Dan Bornstein - Designer of the Dalvik VM for Android
“ANTLR is an exceptionally powerful and flexible tool for parsing
formal languages. At Twitter, we use it exclusively for query parsing in
our search engine. Our grammars are clean and concise and the generated
code is efficient and stable. This book is our go-to reference for ANTLR
v4—engaging writing, clear descriptions and practical examples all in
one place.”
Samuel Luckenbill - Senior Manager of Search Infrastructure - Twitter,
Inc.
Build your own languages with ANTLR v4, using ANTLR’s new advanced
parsing technology. In this book, you’ll learn how ANTLR automatically
builds a data structure representing the input (parse tree) and
generates code that can walk the tree (visitor). You can use that
combination to implement data readers, language interpreters, and
translators.
You’ll start by learning how to identify grammar patterns in language
reference manuals and then slowly start building increasingly complex
grammars.

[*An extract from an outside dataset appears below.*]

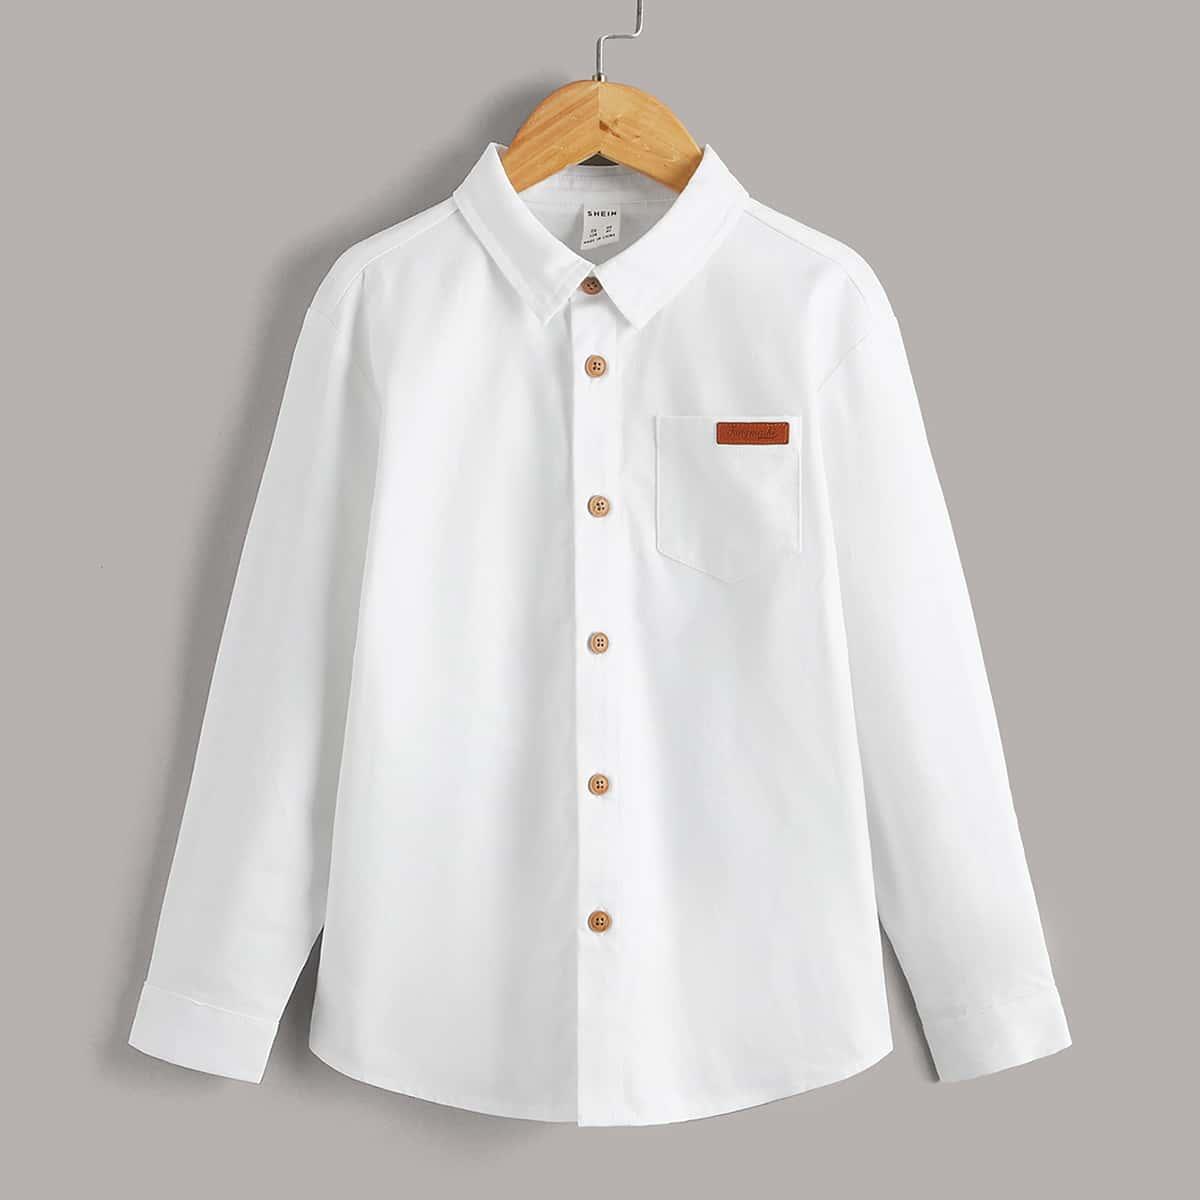 для мальчиков Рубашка с заплатой с карманом на пуговицах

Next, you’ll build applications based upon those grammars by
walking the automatically generated parse trees. Then you’ll tackle some
nasty language problems by parsing files containing more than one
language (such as XML, Java, and Javadoc). You’ll also see how to take
absolute control over parsing by embedding Java actions into the
grammar.
You’ll learn directly from well-known parsing expert Terence Parr, the
ANTLR creator and project lead. You’ll master ANTLR grammar construction
and learn how to build language tools using the built-in parse tree
visitor mechanism. The book teaches using real-world examples and shows
you how to use ANTLR to build such things as a data file reader, a JSON
to XML translator, an R parser, and a Java class->interface extractor.
This book is your ticket to becoming a parsing guru!
You can find out more about ANTLR 4 in this
interview
with Terence Parr.
What You Need:
ANTLR 4.0 and above. Java development tools. Ant build system optional
(needed for building ANTLR from source)
This release fixes a number of important code errors and a number of little typos. The two-stage parsing discussion now conforms to current best practices. The Cymbol.g4 grammar now allows only identifiers as array names. The
JSON grammar did not allow floating-point numbers whose fractional part started with a 0. A code example referenced listeners/XML.stg, which was missing. There were some stale
URL references. Some of the images early in the book had gray boxes that were shifted out of place. In the section on tree listeners, the code sample for PropertyFileBaseVisitor was wrong. I added a note to explicitly say that combined grammars can import other combined grammars.
Check out the book’s
[errata](https://pragprog.com/titles/tpantlr2/errata) page for more details.
2013/01/16
P1.0
First printing.
2012/12/13
B4.0
Indexing and copy edit are complete. Now it’s on to layout and then the printer.
2012/11/12
B3.0
The book is now final draft complete and heading to production. I have gone through all of the technical reviews and made widespread changes. In response to concerns about the speed of the initial material, I have tried to add more details and also split out the starter project into its own chapter. This leaves the big picture chapter smaller and easier to chew on.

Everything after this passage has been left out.